Similar in thinking to the one vs. rest approach, the one vs. one approach pairs every combination of the target class and builds a logistic model on this binary problem.  This means that for three classes you would have 6 different logistic regressors.  

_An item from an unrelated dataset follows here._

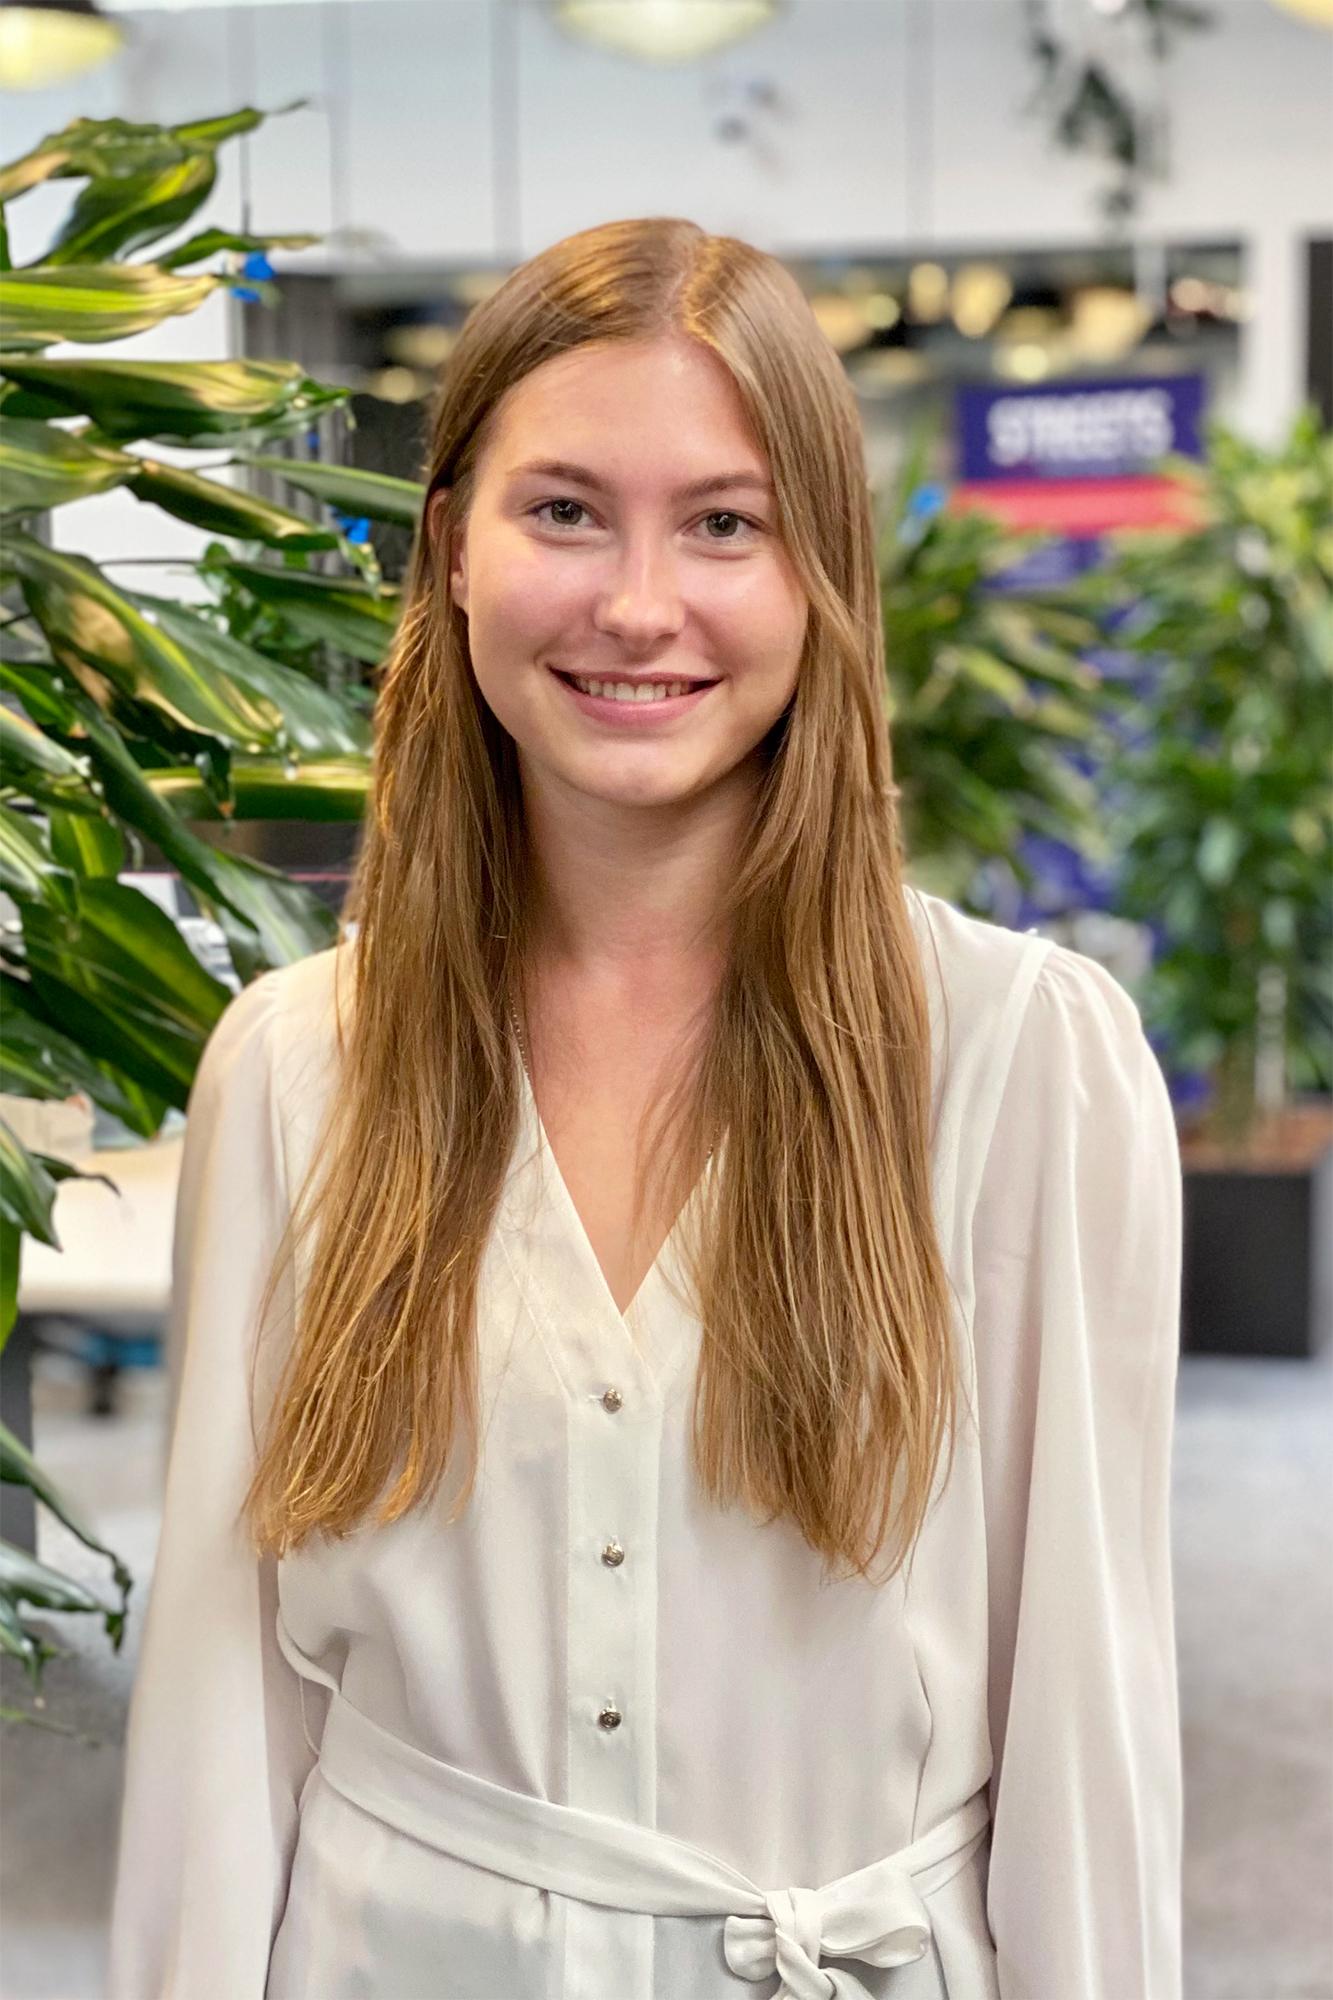 Amber De Smedt

The LogisticRegression estimator does not have this as a default but scikitlearn implements this approach through the `OneVsOneClassifier` that accepts a classification estimator. Below, instantiate a `OneVsOneClassifier` with a `LogisticRegression` estimator as `ovo_clf` below, and fit this on the training data. In your Logistic estimator set `random_state = 42`.     

In [10]:
ovo_clf = OneVsOneClassifier(
    estimator=LogisticRegression(max_iter=1000, random_state=42)
).fit(X_train, y_train)

# Answer check
ovo_clf

[Back to top](#-Index)

### Problem 6

#### Comparing Performance

**10 Points**

Create a DataFrame that contains the scores on testing data in terms of accuracy.  Assign to `eval_df` below.  Which classifier performed best in terms of accuracy?  Assign your answer as a string -- `ovr`, `multi`, or `ovo` -- below to `best_acc`. 

| estimator | accuracy | 
| ------ | ------ |
| ovo | - |
| multi | - |
| ovo | - |

In [11]:
accs = [
    accuracy_score(y_test, ovr_lgr.predict(X_test)),
    accuracy_score(y_test, multi_lgr.predict(X_test)),
    accuracy_score(y_test, ovo_clf.predict(X_test)),
]

eval_df = pd.DataFrame({"estimator": ["ovr", "multi", "ovo"], "accuracy": accs})
display(eval_df)

best_acc = list(eval_df["estimator"])[np.argmax(accs)]

# Answer check
print(best_acc)

Unnamed: 0,estimator,accuracy
0,ovr,1.0
1,multi,1.0
2,ovo,0.988095


ovr


Hopefully this activity increased your facility with the `LogisticRegression` estimator and how it can be used in a multi-class setting.  Of course, these options are things you may consider in a grid search rather than fitting each on their own, however the One vs. One will have to implemented as its own object.  Further, many of the fitting procedures should raise warnings.  As seen before, there is regularization behind the scenes so scaling the data should happen prior to fitting.  Further, you may need to give the estimator more time for the gradient descent to converge, which you can control with the `max_iter` argument.